L’inflation américaine diminue plus lentement que prévu. En quoi ces développements modifient vos attentes sur la dette émergente?
Le marché a nettement réagi aux dernières statistiques d’inflation et de l’emploi aux Etats-Unis. Les attentes de baisses prochaines des taux de la Fed sont remises en question par certains investisseurs. Nous considérons que l’économie américaine est très forte, mais elle ne s’accélère pas. L’inflation est, à notre avis, avant tout déterminée par les facteurs de demande. Dans une optique plus large que les dernières statistiques, et en intégrant par exemple le crédit et le budget, nous pensons que l’inflation est en déclin. Nous prévoyons au moins trois baisses des taux d’intérêt de la Fed cette année et pensons que cette perspective offre un environnement très favorable aux marchés émergents.
Le défi du refinancement de la dette américaine existe-t-il aussi au sein des marchés émergents?
Nous pensons que le problème du refinancement est compliqué lorsque le levier du pays qui emprunte est en hausse, c’est-à-dire lorsque le rythme de l’emprunt d’un pays est plus rapide que celui de la croissance de l’économie. C’est exactement ce qui se produit en Chine. Son levier s’accroît alors que l’économie ralentit. Nous avons observé ce scénario lors de la crise financière et lors de la crise bancaire suédoise.
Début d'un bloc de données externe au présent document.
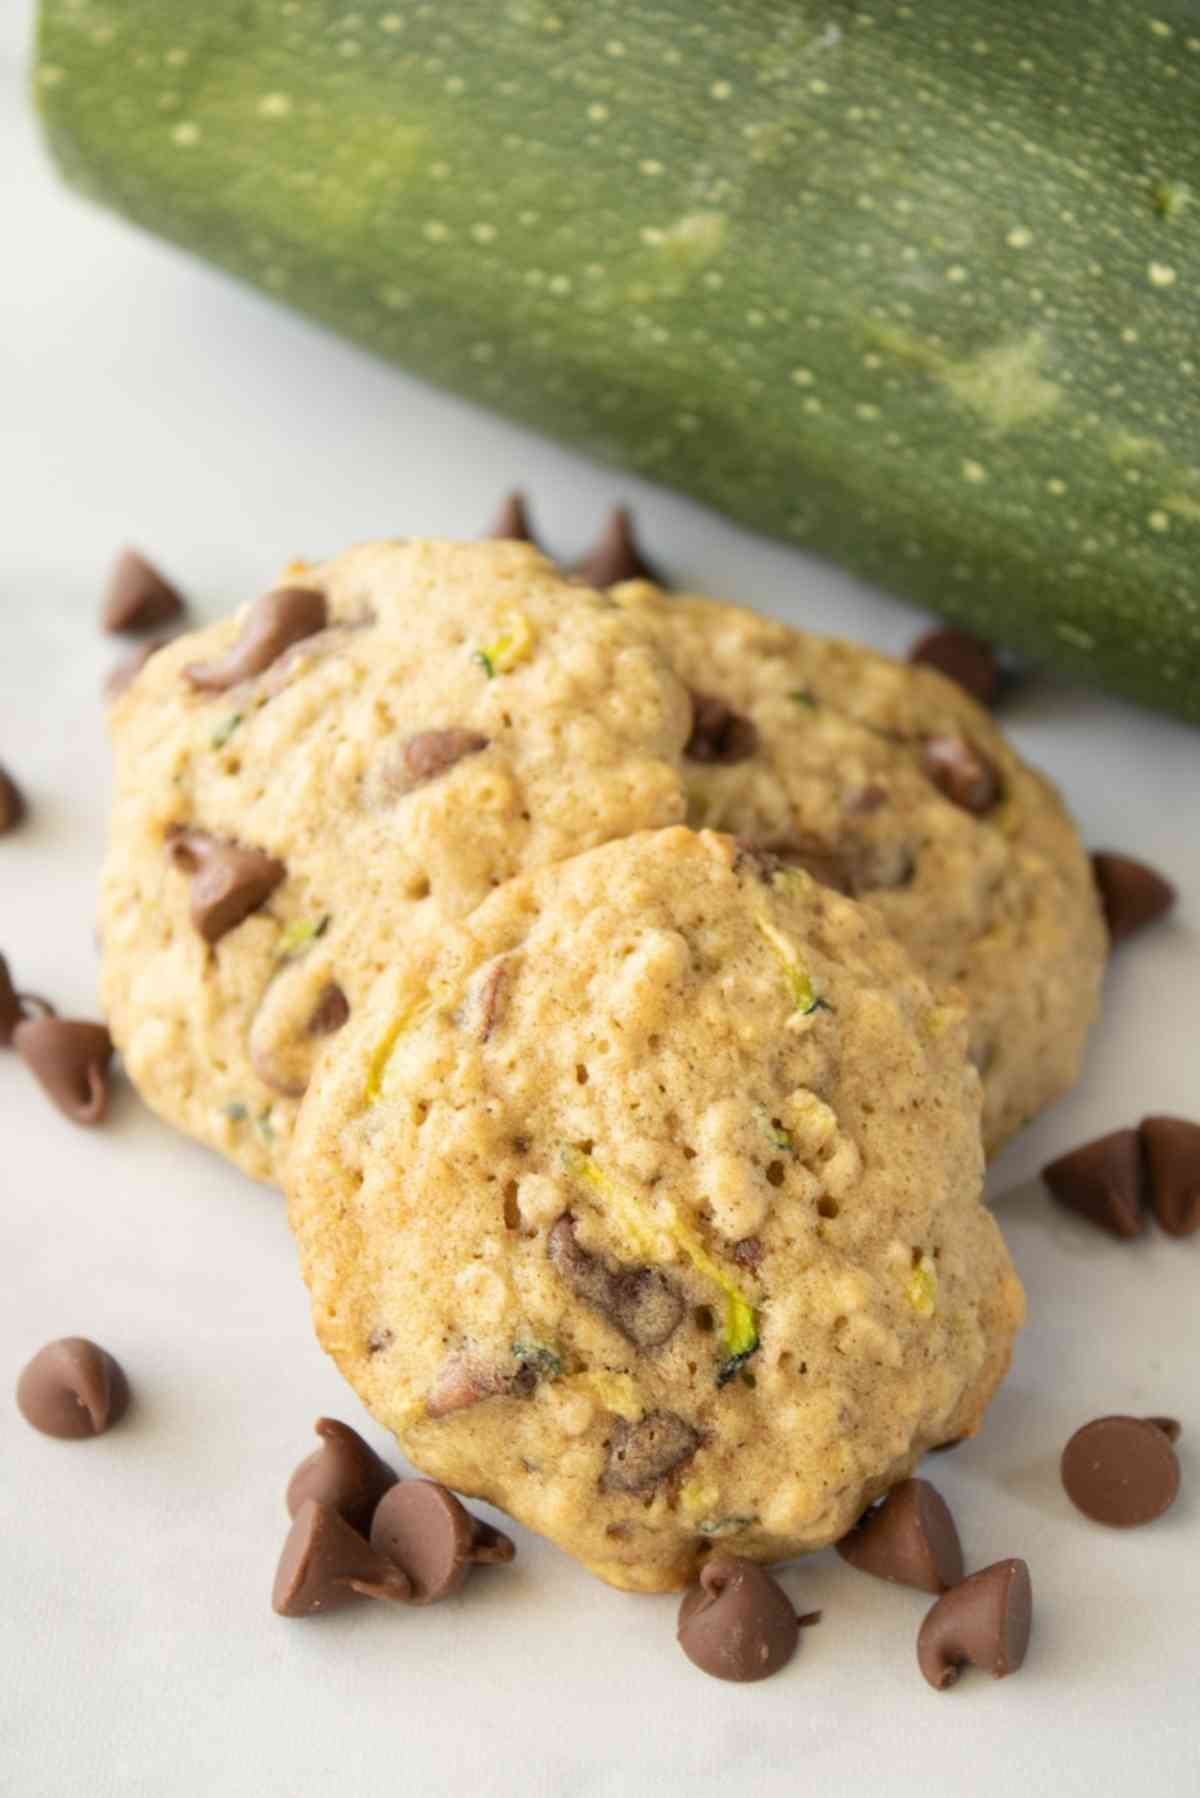 Pile of zucchini chocolate chip cookies next to a zucchini.

Aux Etats-Unis, le gouvernement emprunte massivement, et le déficit représente 6% du PIB sans donner de signe de diminution. Si l’économie américaine entrait en récession, le déficit budgétaire pourrait grimper à 10% du PIB. Par contre, avec les secteurs des entreprises, des ménages et de la finance, la dette américaine n’augmente pas par rapport au PIB. Nous pensons que pour l’heure le besoin de capitaux reste limité aux Etats-Unis et ne s’étend pas au reste du monde. Le secteur étatique demande plus de financement que le secteur privé ne lui en fournit. Nous n’aimons pas ce scénario à long terme, mais nous ne craignons pas de problèmes à court terme. Il semble qu’il n’existe aucune pression gouvernementale pour réduire ce déficit de la part de Joe Biden. Donald Trump n’y était d’ailleurs guère attentif non plus.
Quelles monnaies devraient s’apprécier contre le dollar en 2024?
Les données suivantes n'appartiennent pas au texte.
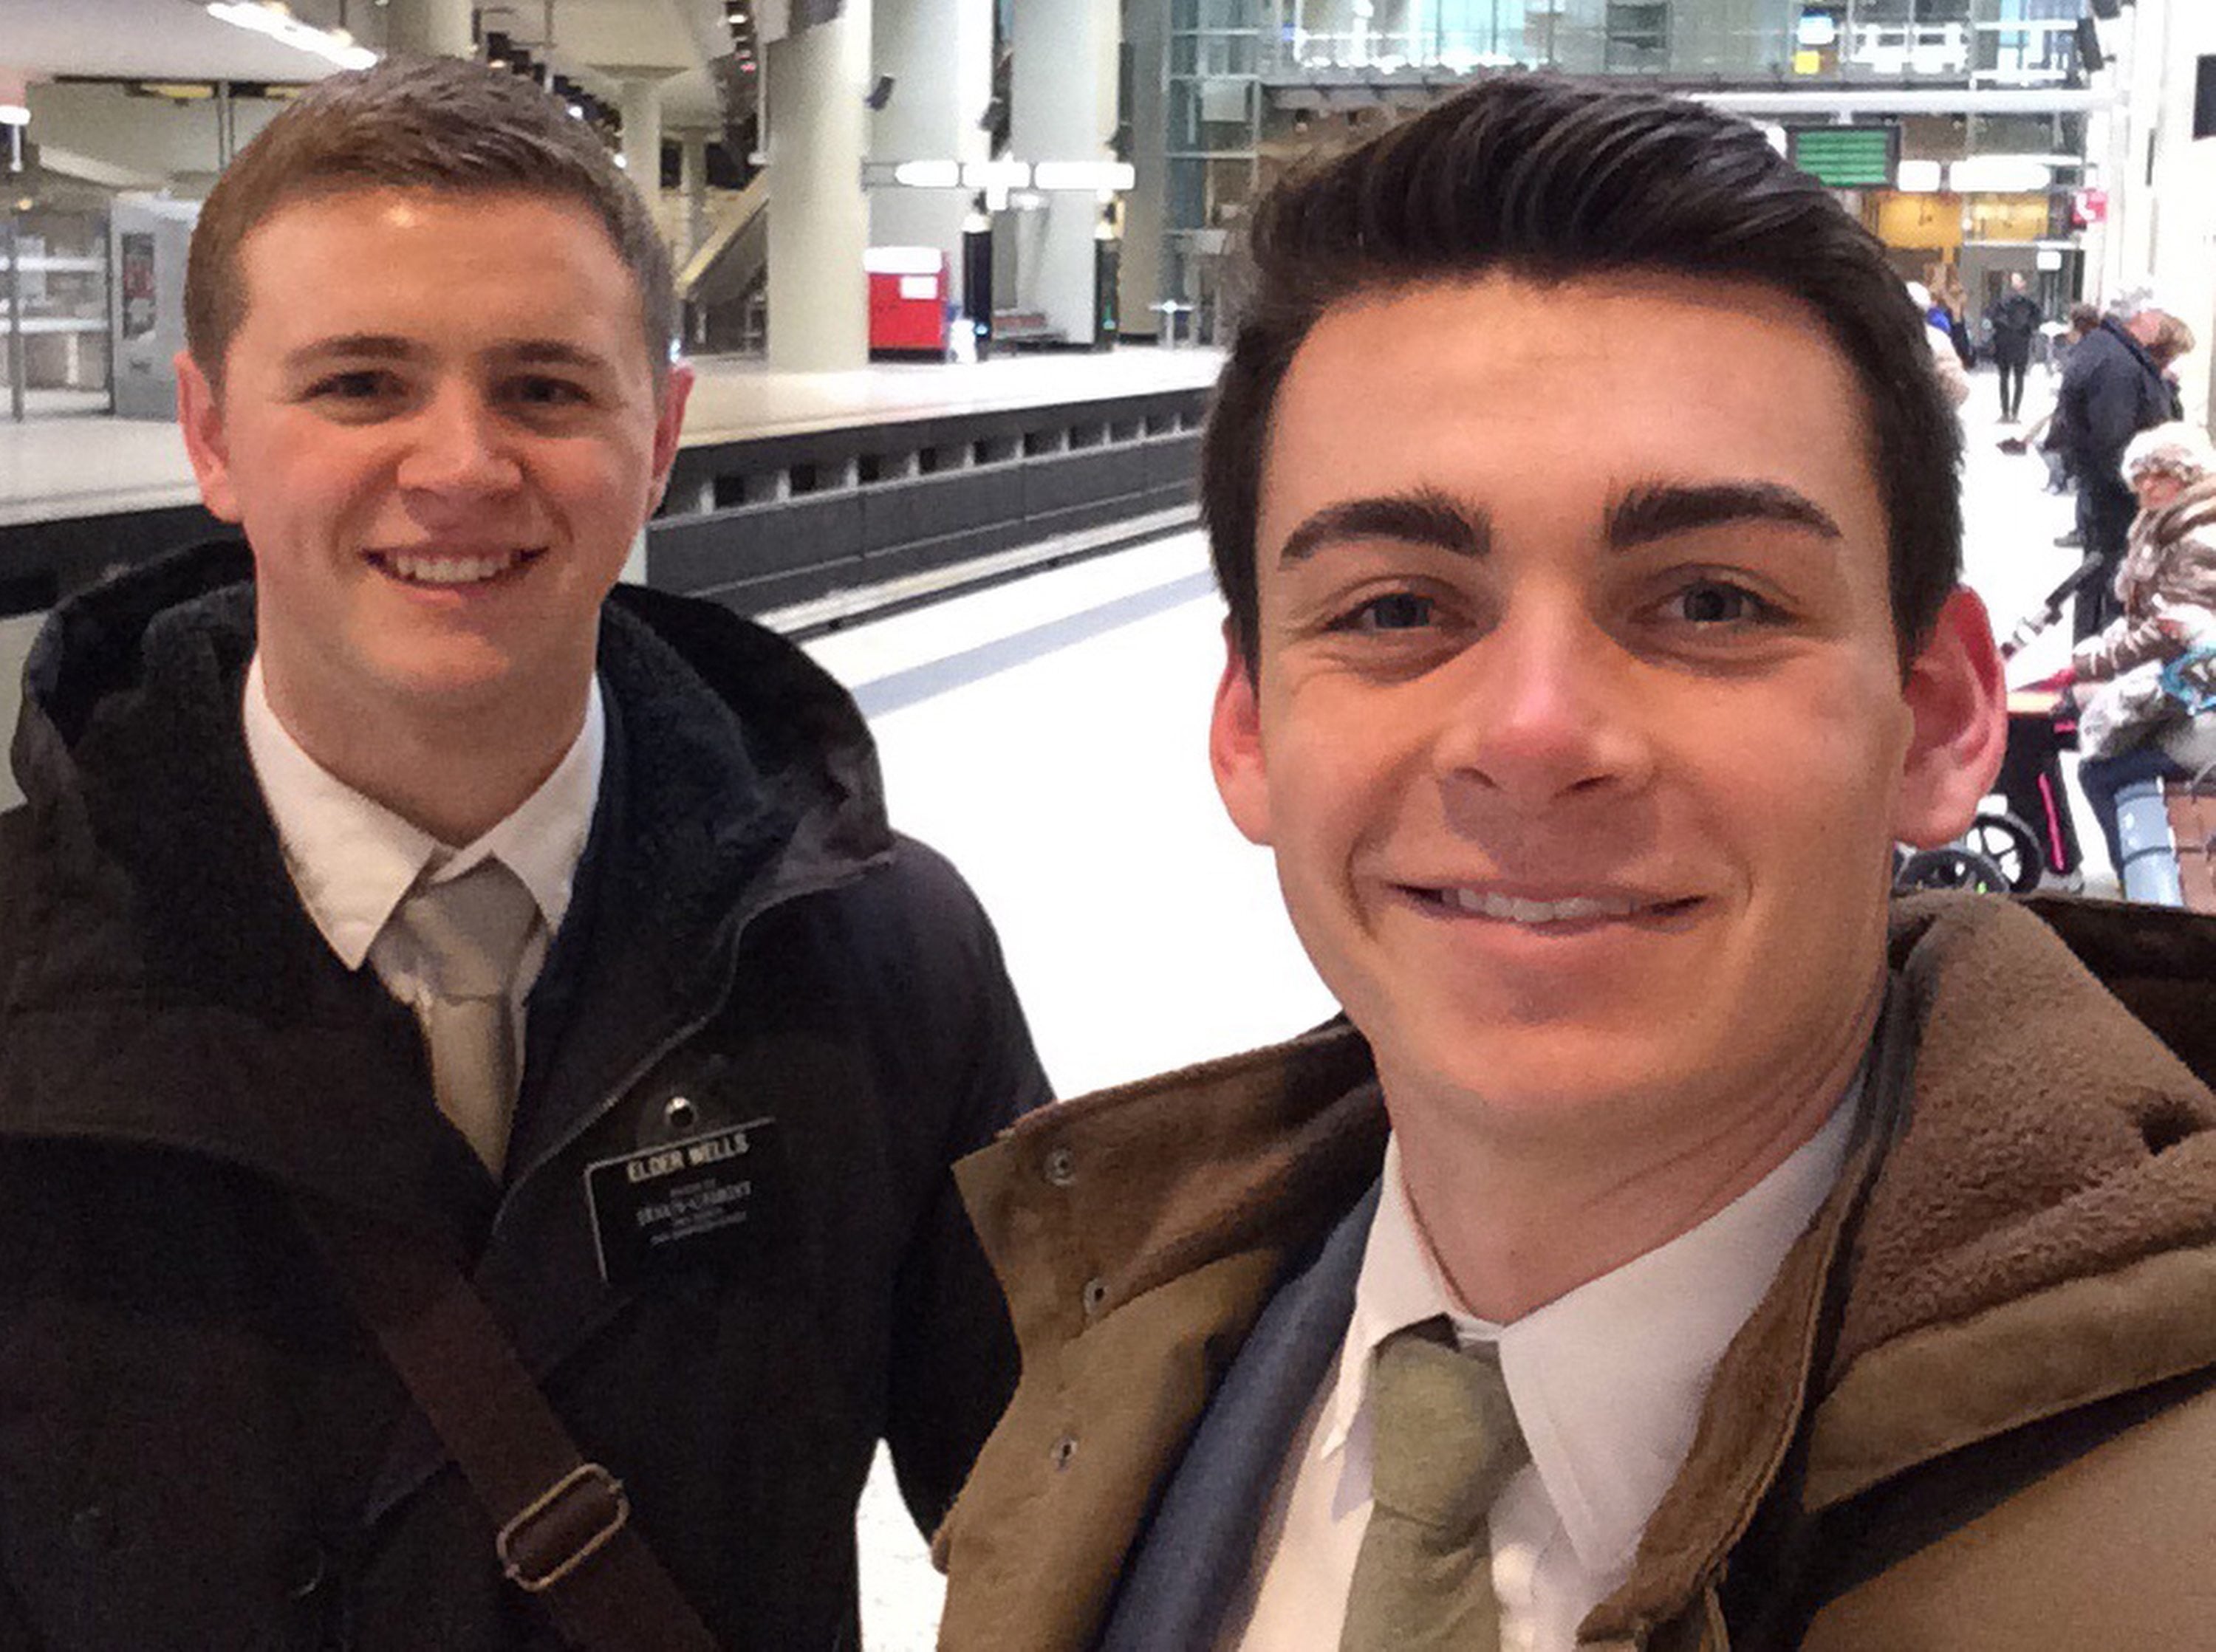 Mormon missionaries Mason Wells, 19, left, and Joseph Empey, 20, both Utahns, were injured in Tuesday&#039;s explosion at the Brussels airport.

Le yen a sans doute touché un plancher et devrait s’apprécier. Il est difficile de penser que l’euro puisse s’apprécier, même s’il ne devrait plus guère baisser. Nous pensons qu’il existe un risque que la BCE baisse ses taux avant la Fed et qu’il en résulte des pressions baissières sur l’euro. Sinon, certains pays africains, ainsi que le Mexique, le Brésil, sont assez attractifs. Le dollar australien souffre de la situation en Chine et reste bon marché.